Впрочем, даже полюби он латынь и математику, путного все равно ничего бы не вышло: школа была хуже тюрьмы. «В тюрьме вас все-таки не принуждают читать книги, написанные сторожем или комендантом (хотя если бы они писали приличные книжонки, то не были бы сторожами и комендантами). В тюрьме вас не бьют и не пытают за то, что в вашей голове не застревает содержание этих сочинений. Вас никто не заставляет сидеть и слушать унылые прописи надзирателя о предмете, до которого ему нет ни дела, ни разумения, и, стало быть, вам он тоже ничего не втолкует. В тюрьме могут истязать физически, но ума вашего никто не тронет; вас даже оградят от буйства и дикости товарищей по несчастью. У школы нет ни одного из этих преимуществ».

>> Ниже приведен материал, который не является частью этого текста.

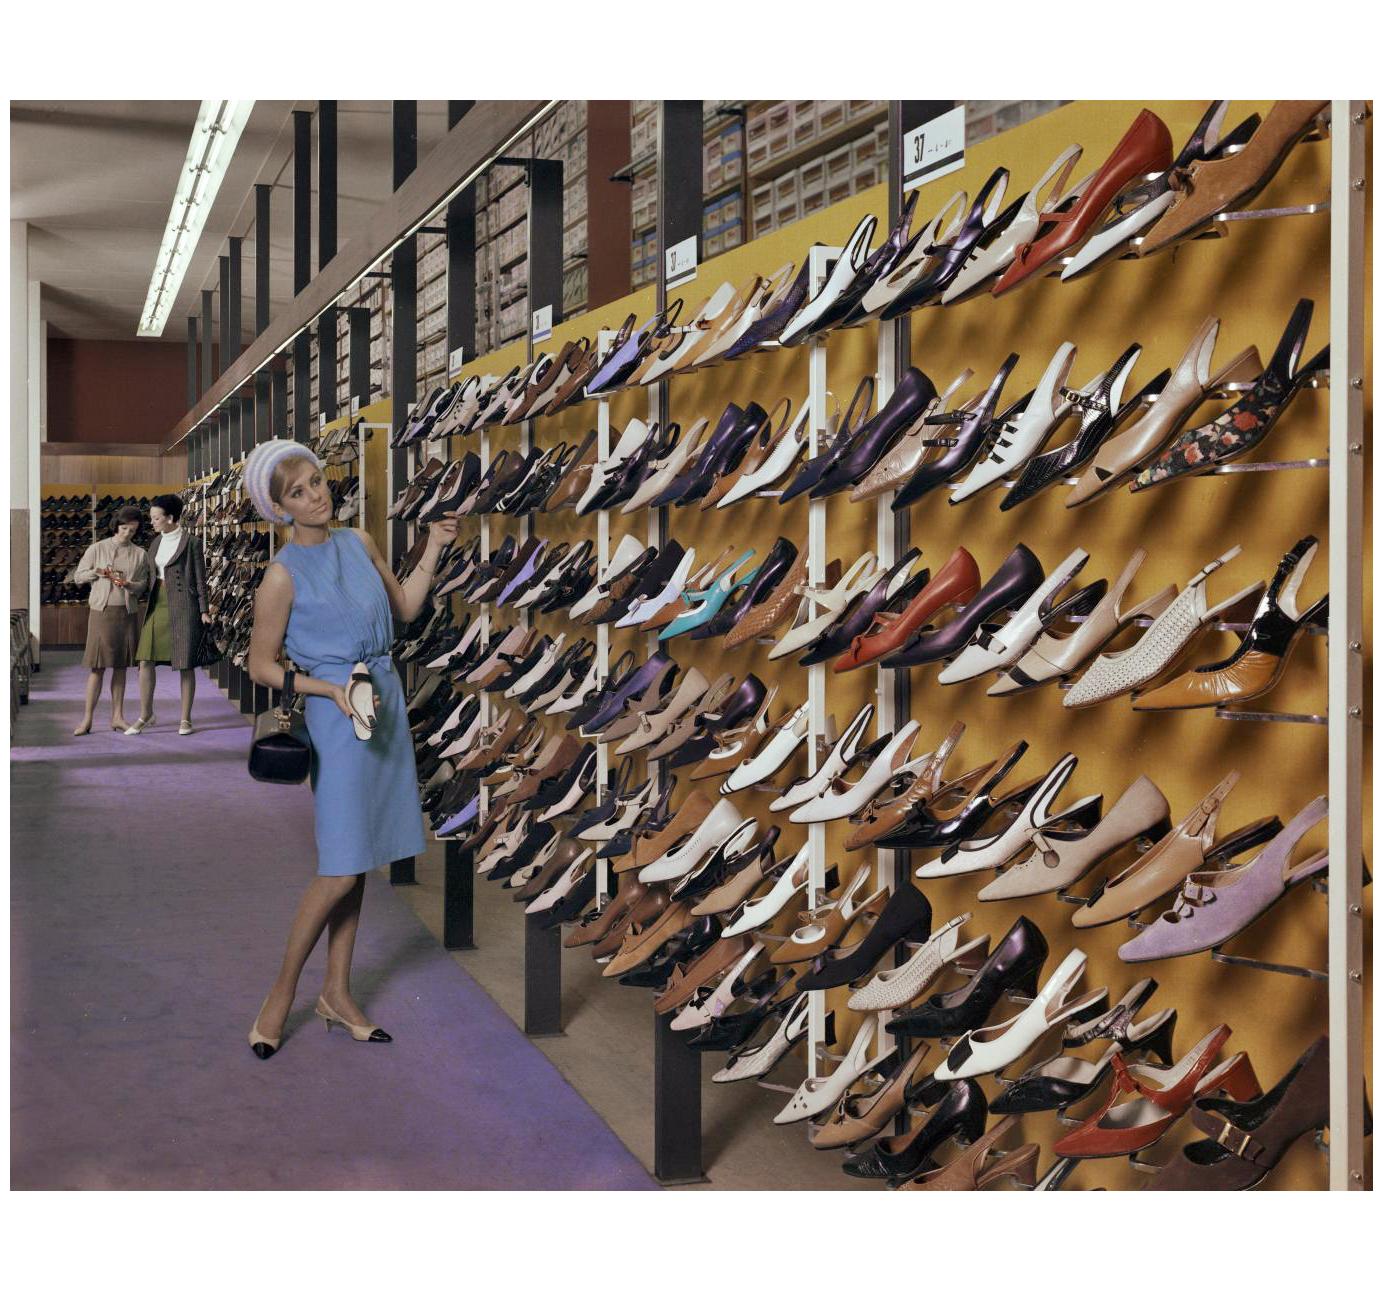 60s Pleasurephoto Pagina 200 Bettina Heels Netty Beige Amsterdam Model Shoe Shop 1966
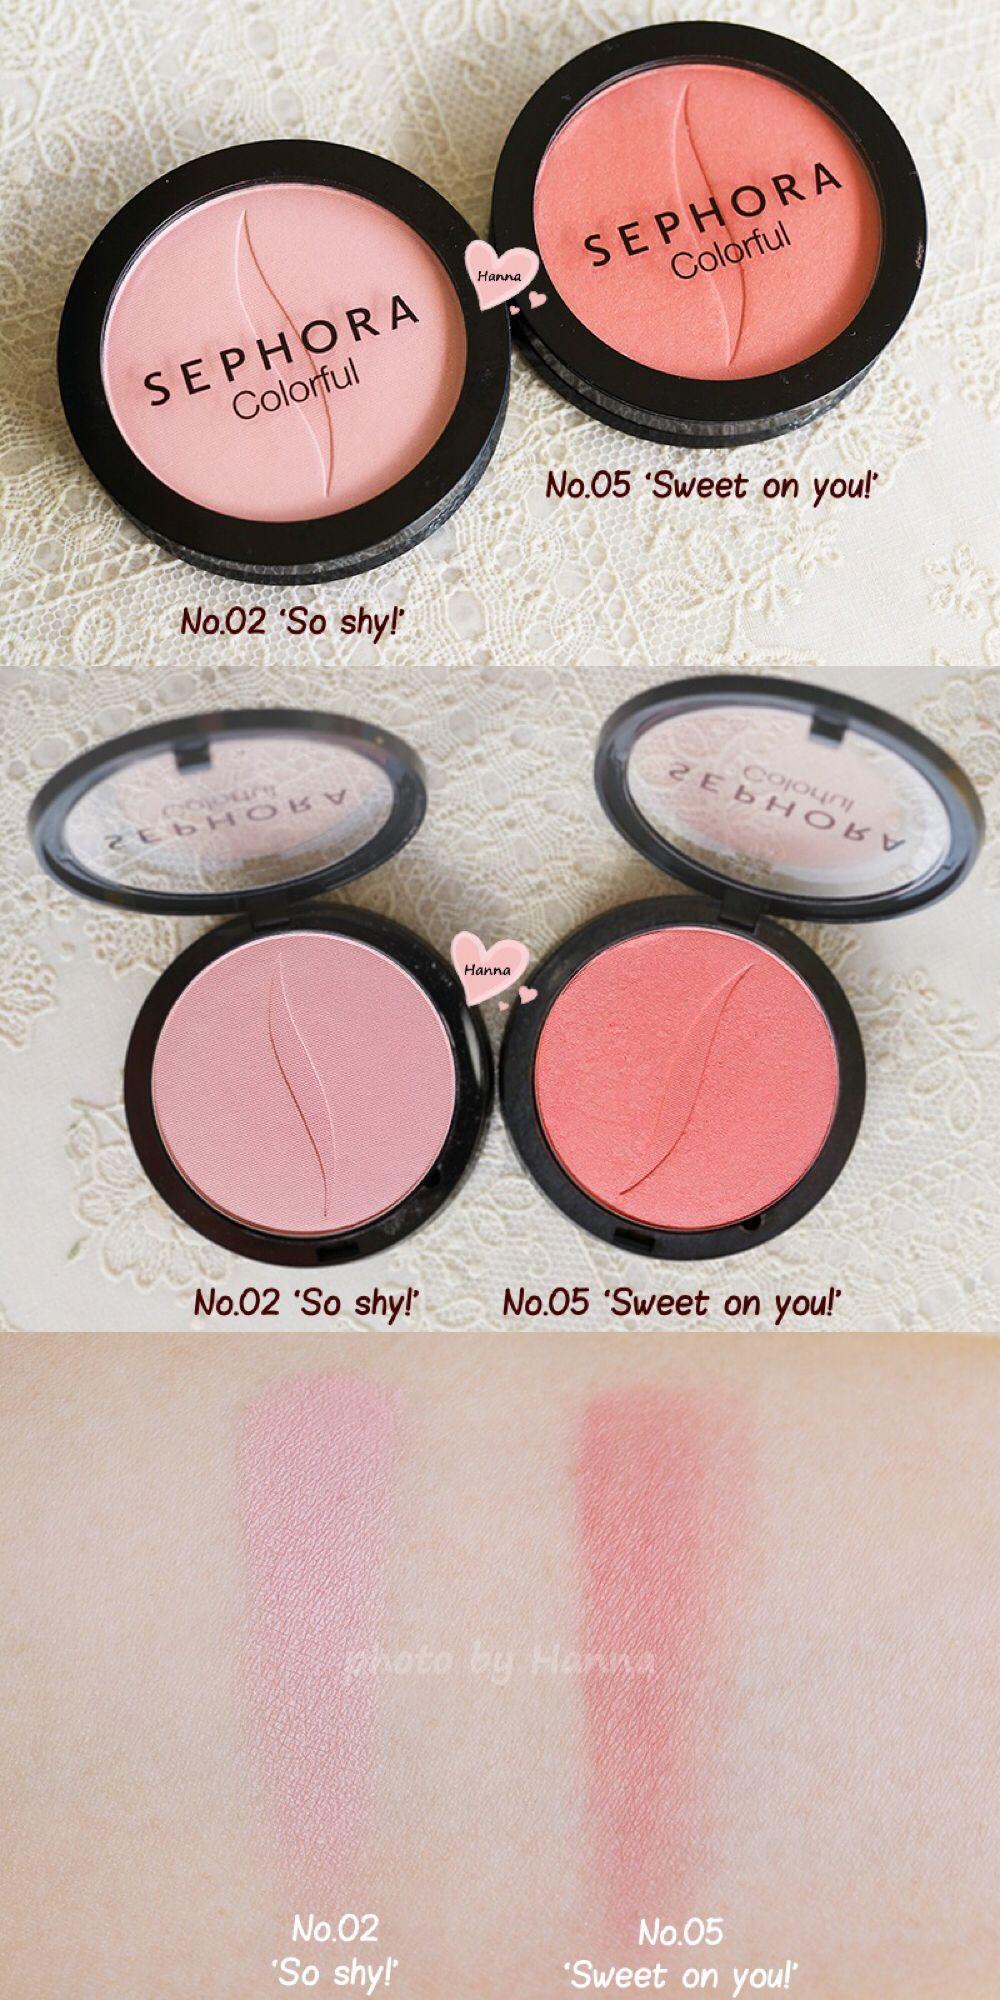 8e6e8135c1 SEPHORA Colorful Blush: 02 'So shy!' and 05 'Sweet on you ...

Детей гоняли, как преступников, — и еще ждали от них христианского смирения! Предоставьте их себе — и сразу проявится убожество этой политики: «Помню, у нашего директора, жившего при школе, серьезно заболела жена. Заведенный порядок нарушился, и один класс остался без учителя. Это был как раз наш класс. Отослать нас домой нельзя — нарушается первый уговор с родителями: школа берется любой ценой на полдня уберечь их от нас. А посему воззвали к нашим лучшим чувствам, то бишь, к человеколюбию: ради бога, не шумите! Однако сам директор не баловал учеников человеколюбием. Ребят натаскали в таком духе, что директор казался им существом высшего, другого, чем они, порядка: он не ошибается, не страдает, не берут его ни смерть, ни хвороба. О сочувствии с нашей стороны, следовательно, не могло быть и речи. Несчастная женщина тогда не умерла. В извинение себе я думаю, что она была слишком занята своим положением, и потому едва ли ее тревожило столпотворение внизу».

3

Байрон, Чайлъд Гарольд.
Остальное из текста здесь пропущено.